Paulo Vitor Fernandes Pereira (born 24 June 1999), known as Paulo Vitor, is a Brazilian footballer who plays as a forward for Portuguese club Rio Ave, on loan from Spanish club Real Valladolid.

Club career
Born in Rio de Janeiro, Paulo Vitor graduated from Vasco da Gama's youth setup.
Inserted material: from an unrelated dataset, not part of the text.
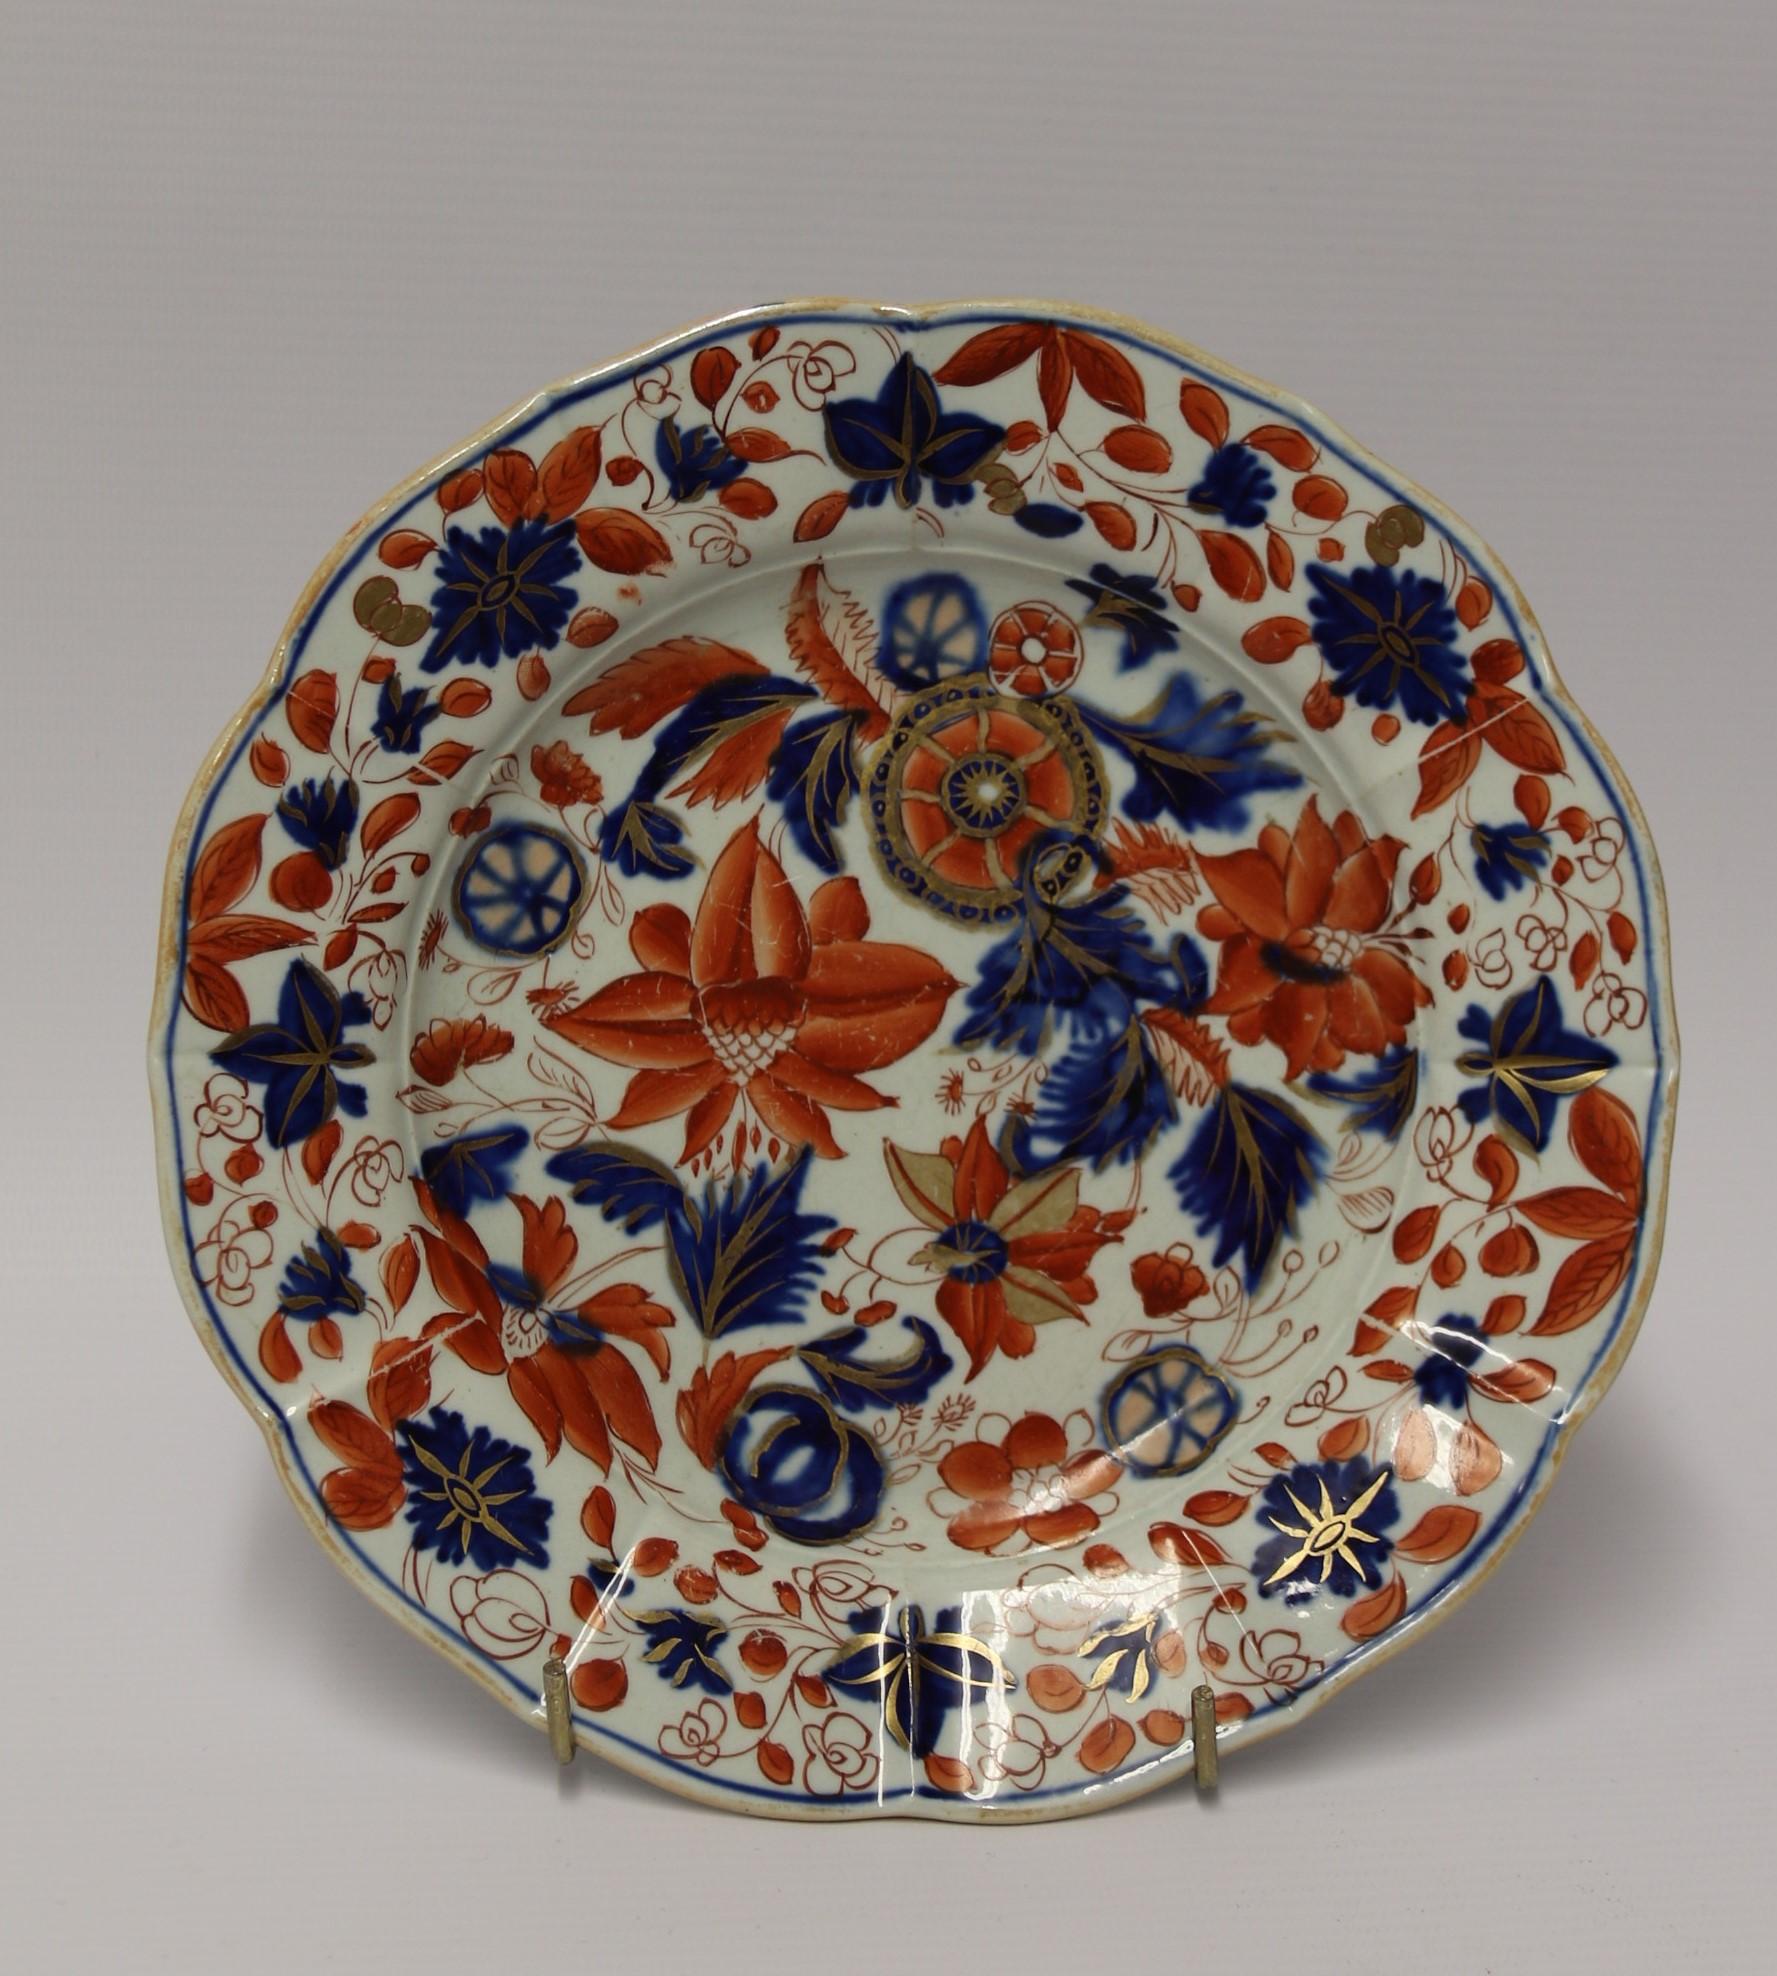 This vibrant early 19th century hand painted Masons Ironstone dessert service consists of a matching set of ten plates and a most unusual comport. This is raised on an oval base with twin supports. The plates and comport are beautifully hand painted
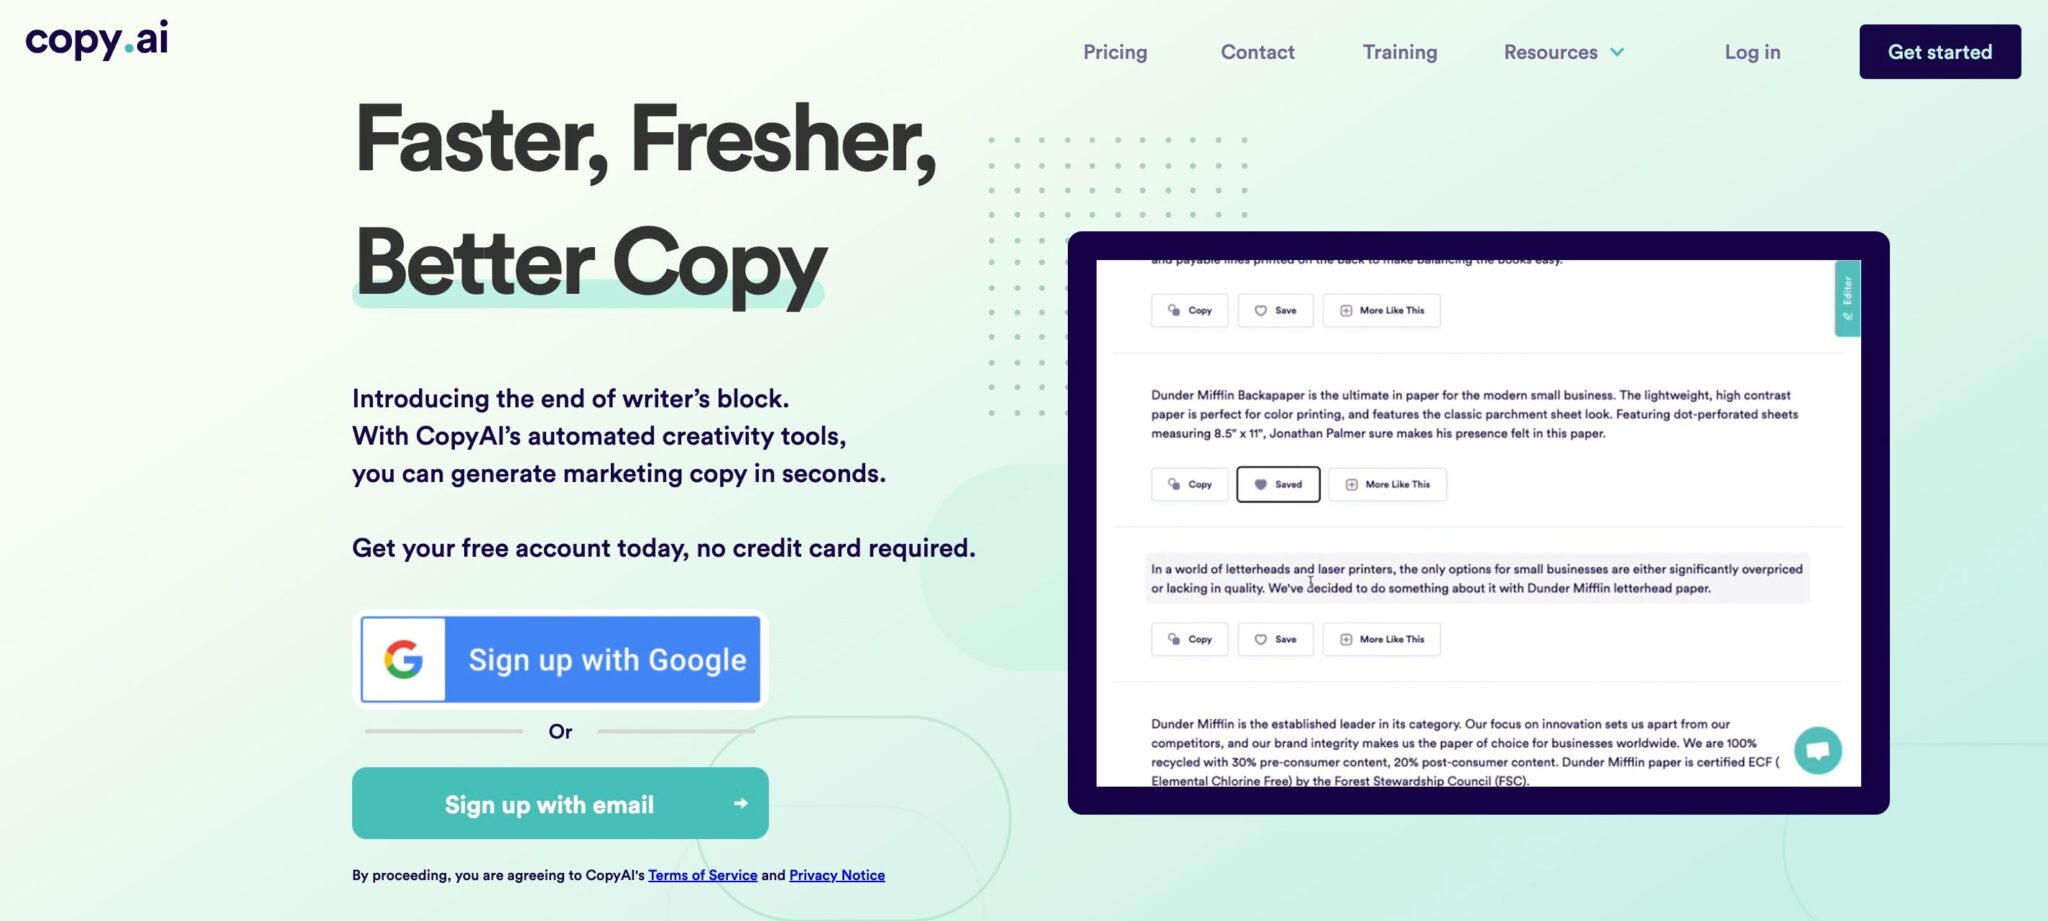 Copy AI Content writing tool homepage

He scored his first goal as professional on 12 July 2017, in the match against Vitória.

On 28 August 2018, Paulo Vitor joined Spanish Segunda División side Albacete Balompié on loan for one year, with a buyout clause. The following 30 January, after being rarely used, he moved to Marbella FC in Segunda División B on loan until June.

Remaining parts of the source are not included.